_What you will do_.
Without the pictures, restate all of the data below word for word.

::: Dataset extract

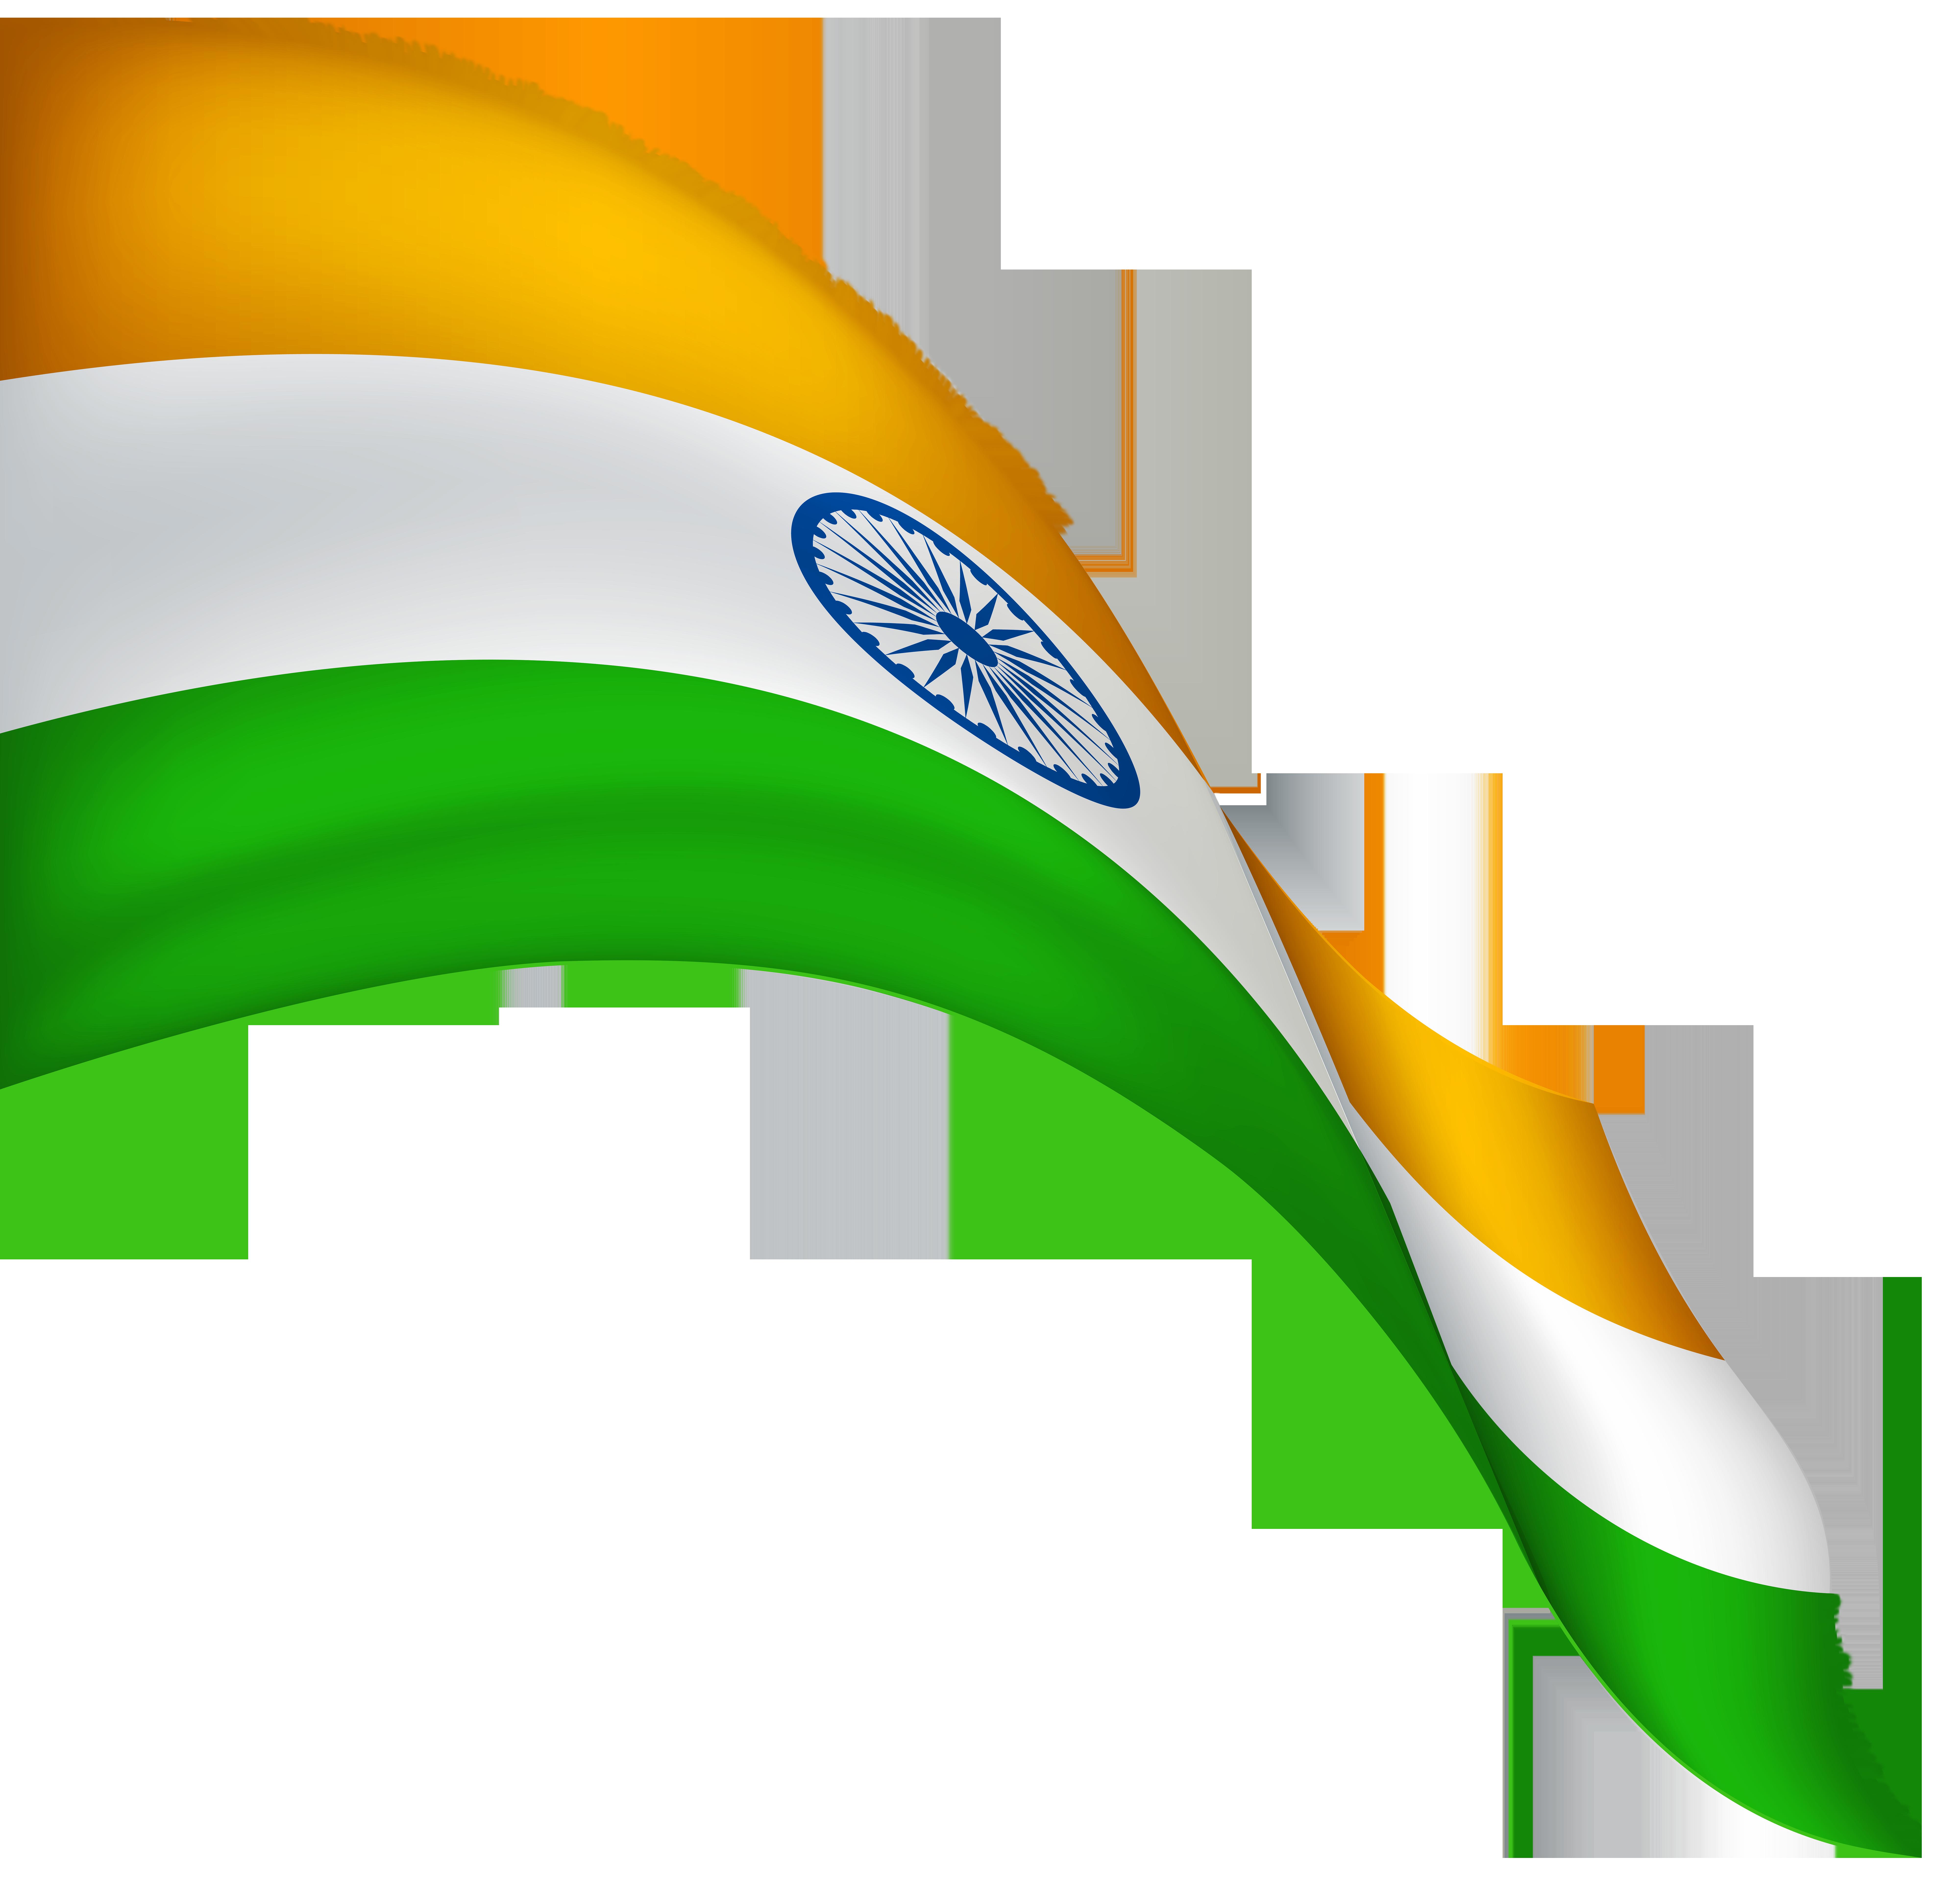 8000x7673 India Waving Flag Transparent Clip Art Imageu200b Gallery
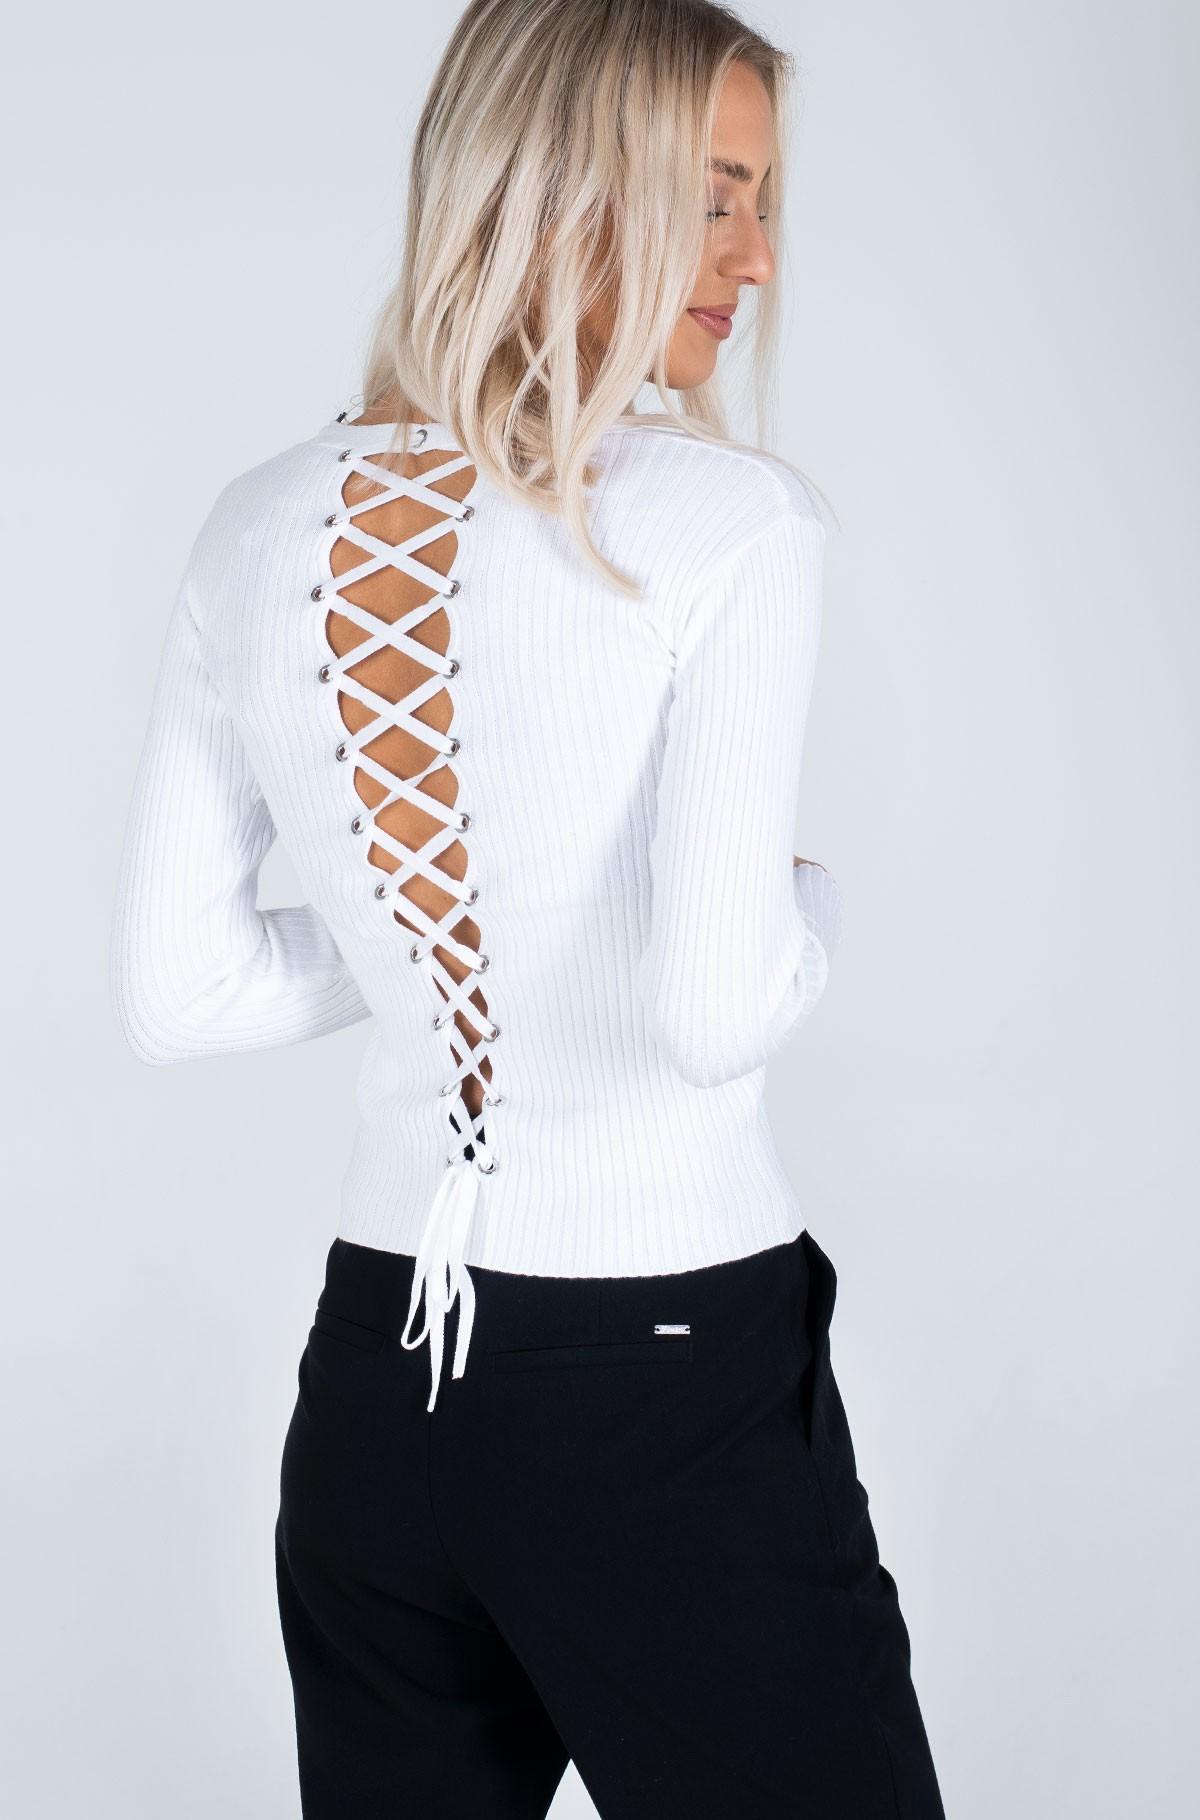 Sweater W01R0N Z2M60-full-1
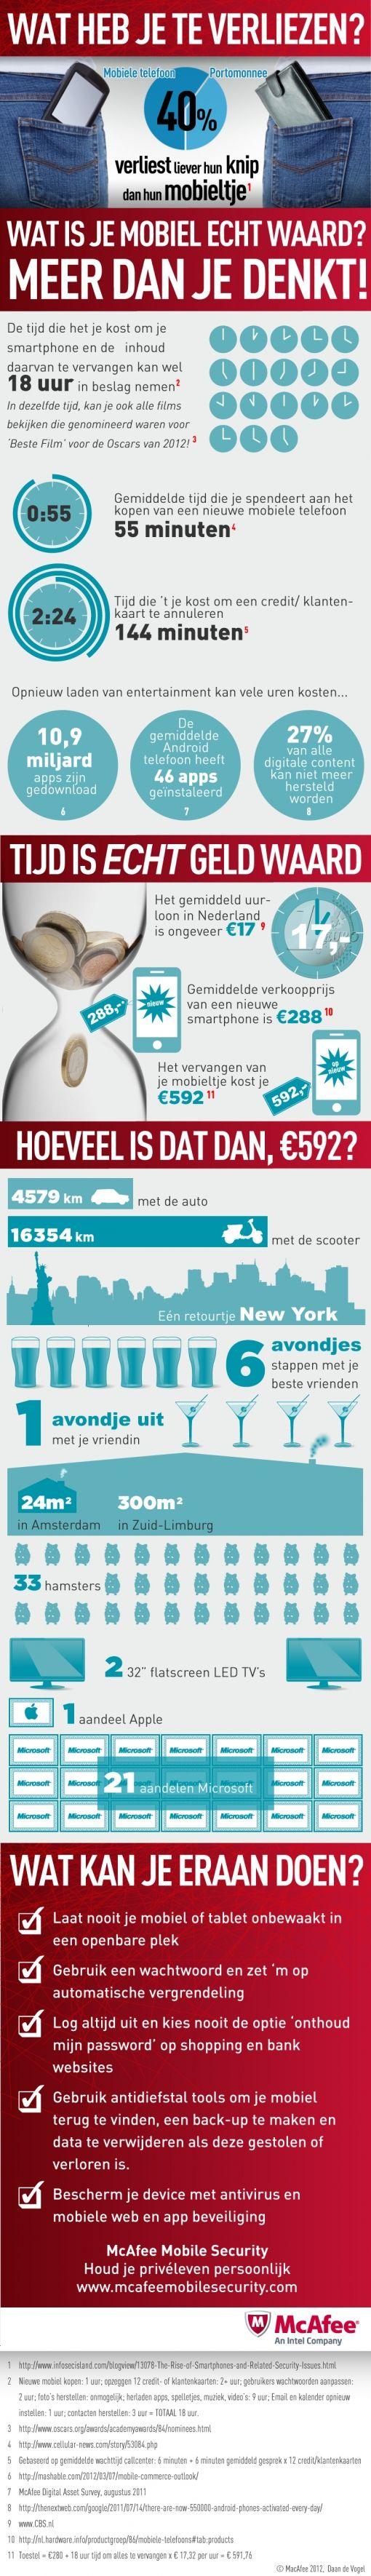 McAfee infographic DEF HR800Pix
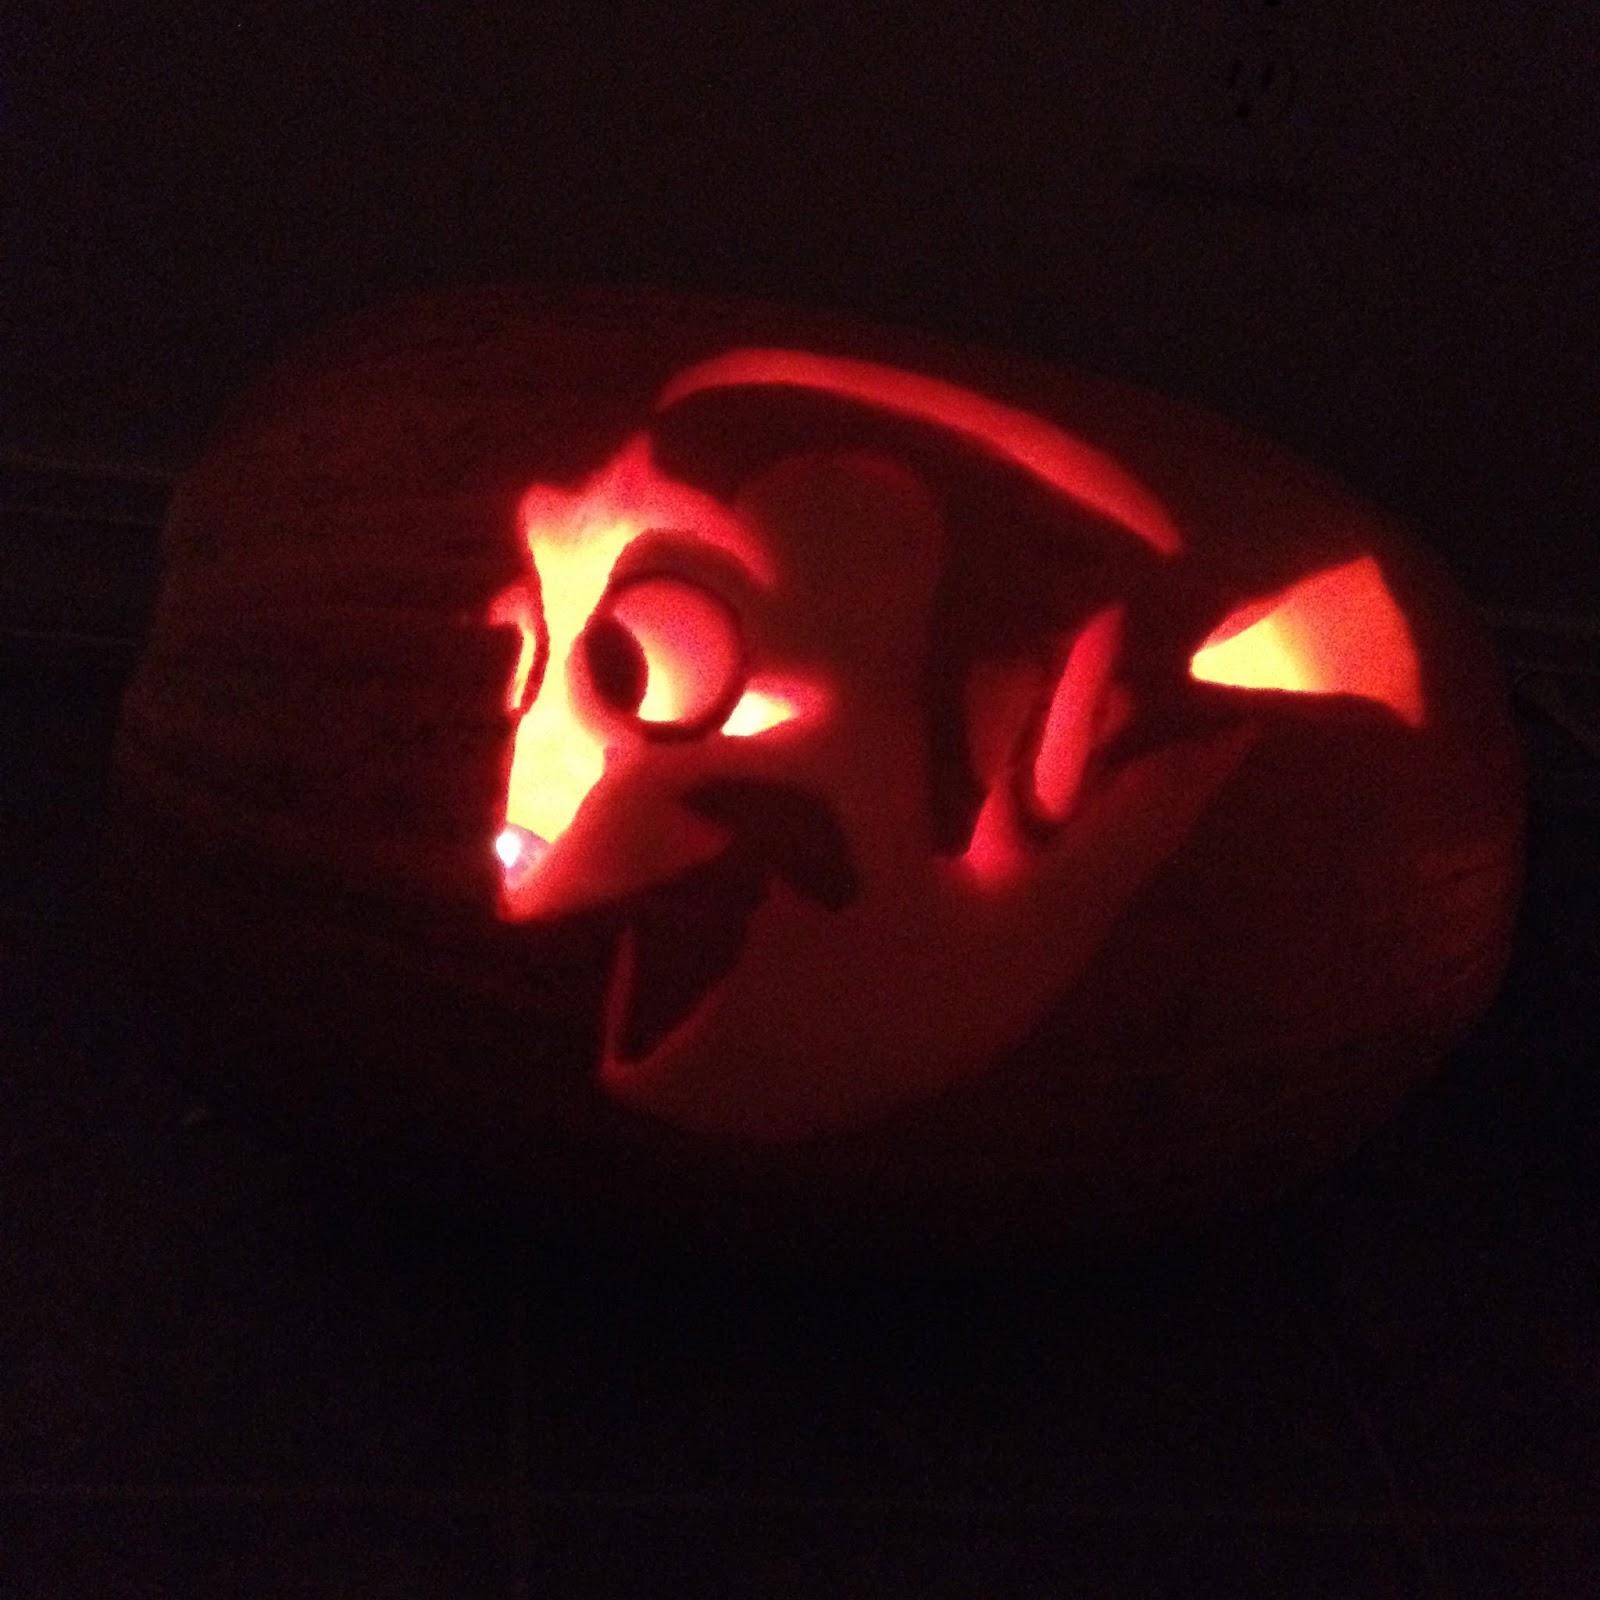 100+ [ Mike Wazowski Pumpkin For The ] | 100 Mike Wazowski Pumpkin ...

::::::

_Response box_.
 8000x7673 India Waving Flag Transparent Clip Art Imageu200b Gallery
 Sweater W01R0N Z2M60-full-1
 McAfee infographic DEF HR800Pix
 100+ [ Mike Wazowski Pumpkin For The ] | 100 Mike Wazowski Pumpkin ...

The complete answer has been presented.